» Data block:
----

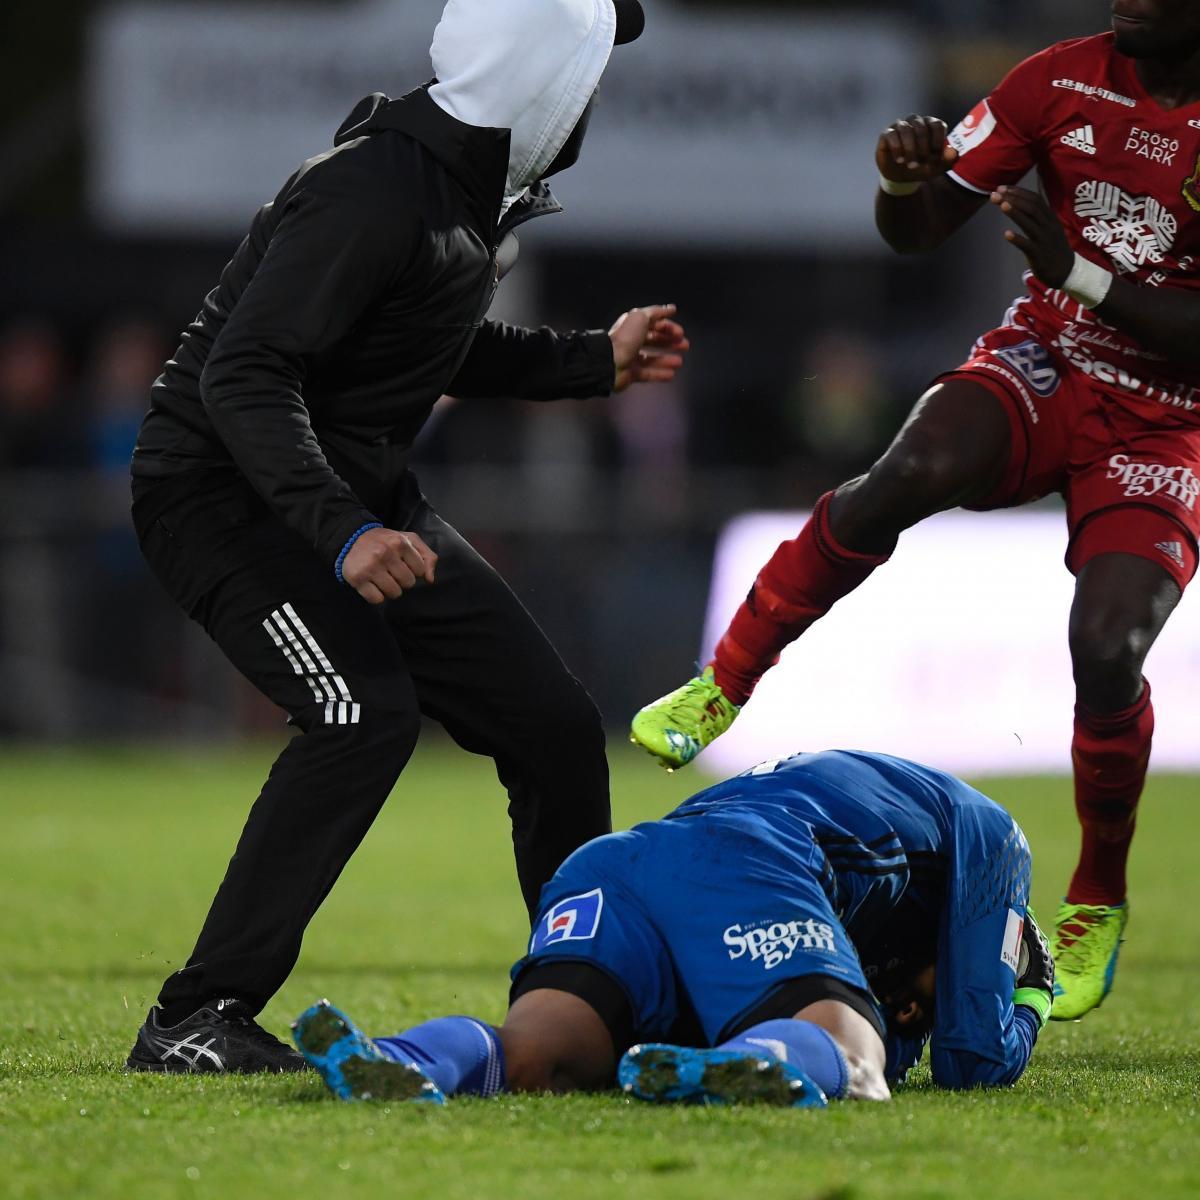 Swedish Allsvenskan Match Abandoned After Fan Attacks GK, Makes Bomb Threat
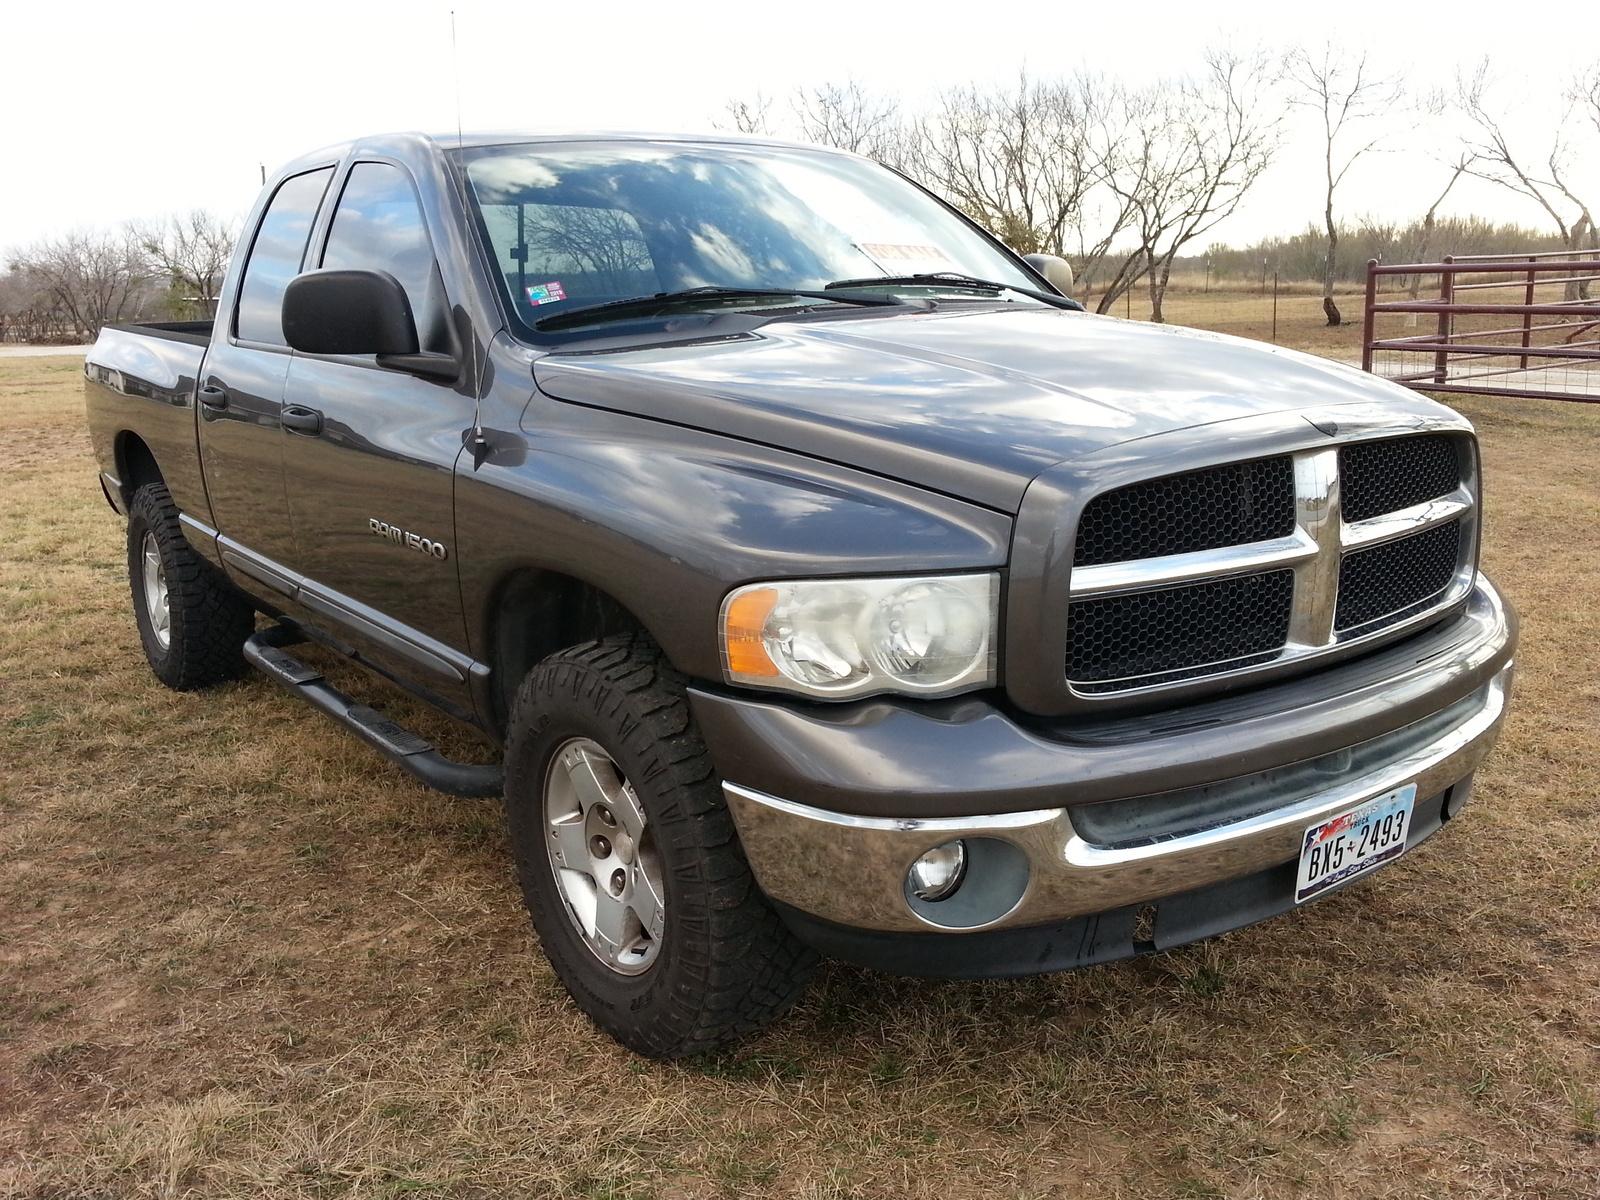 2003 Dodge Ram Pickup 1500 - Pictures
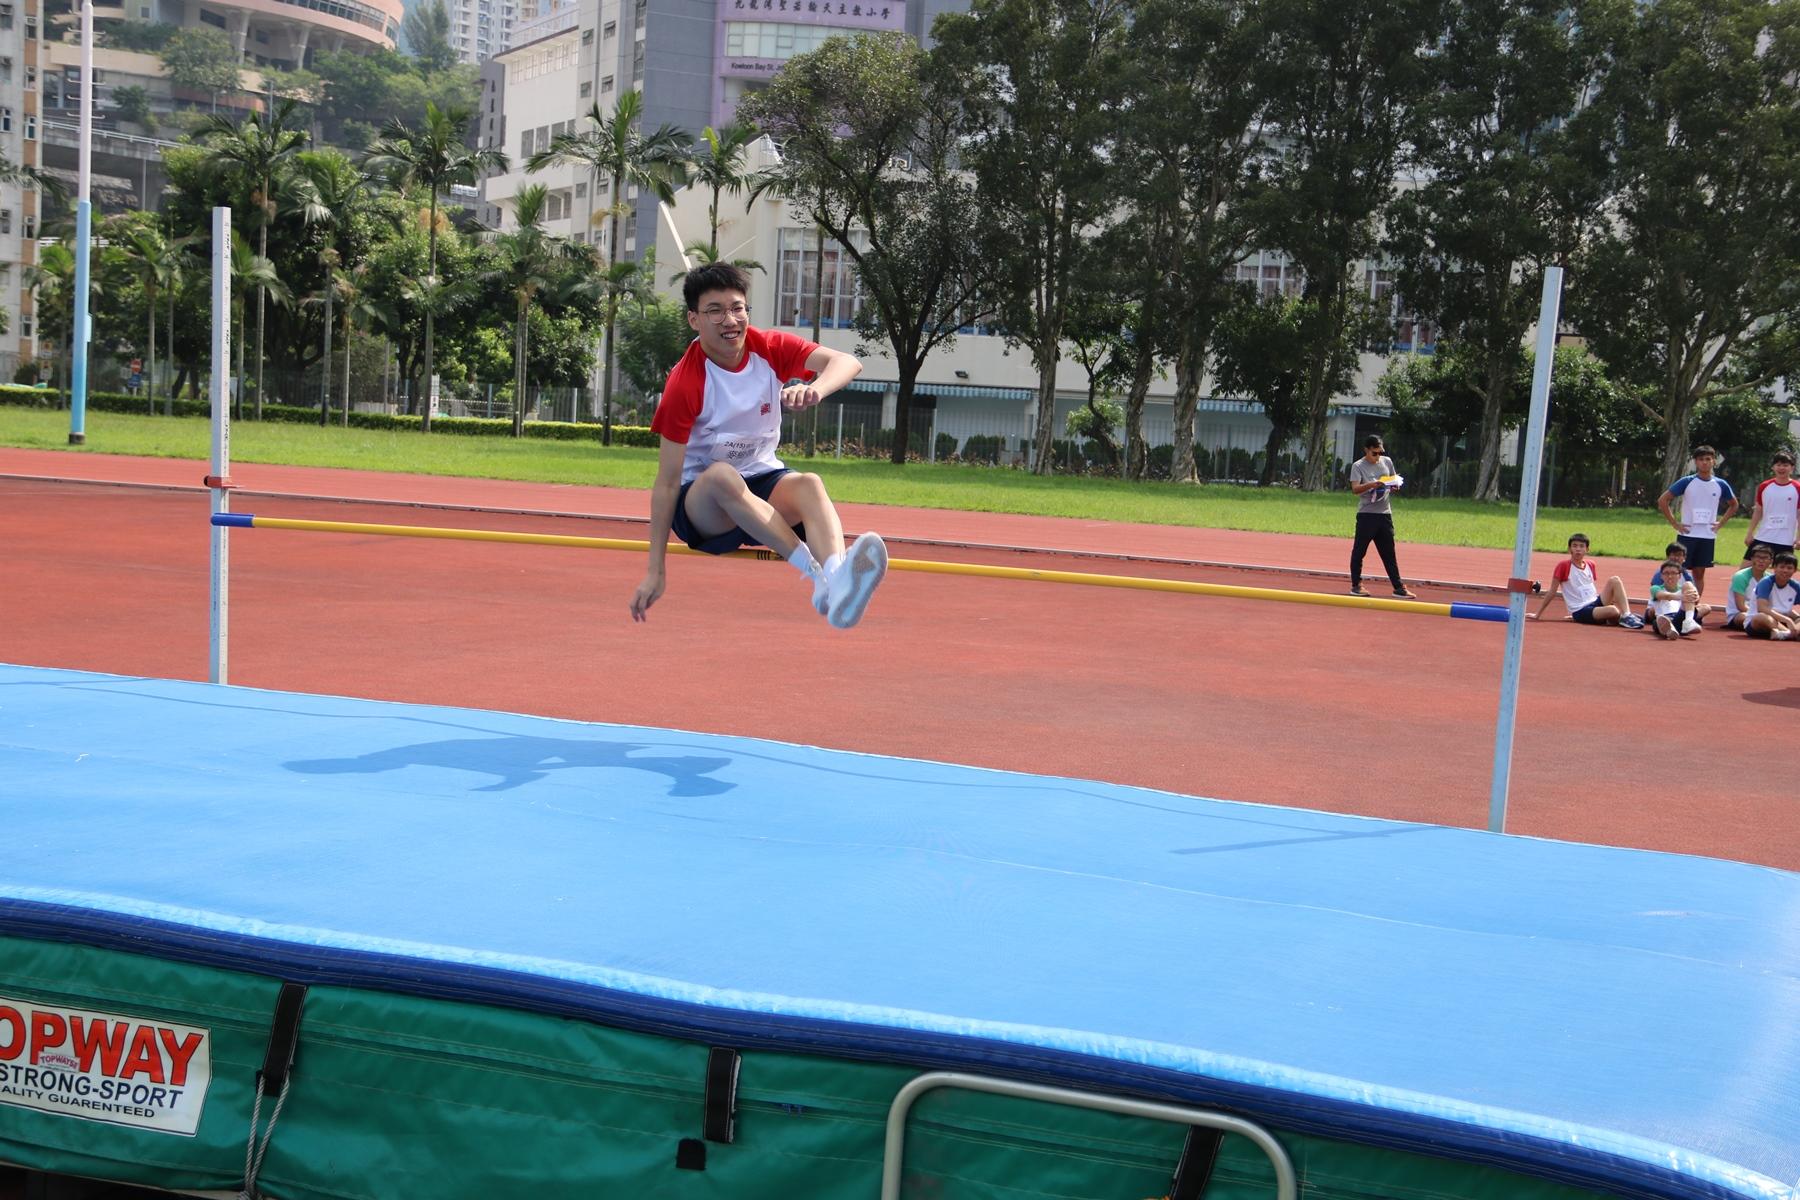 http://npc.edu.hk/sites/default/files/img_4656_1.jpg

----

» Task description:
Leaving out all pictures, transcribe the listing exactly.

» Answer to this exercise:
 Swedish Allsvenskan Match Abandoned After Fan Attacks GK, Makes Bomb Threat
 2003 Dodge Ram Pickup 1500 - Pictures
 http://npc.edu.hk/sites/default/files/img_4656_1.jpg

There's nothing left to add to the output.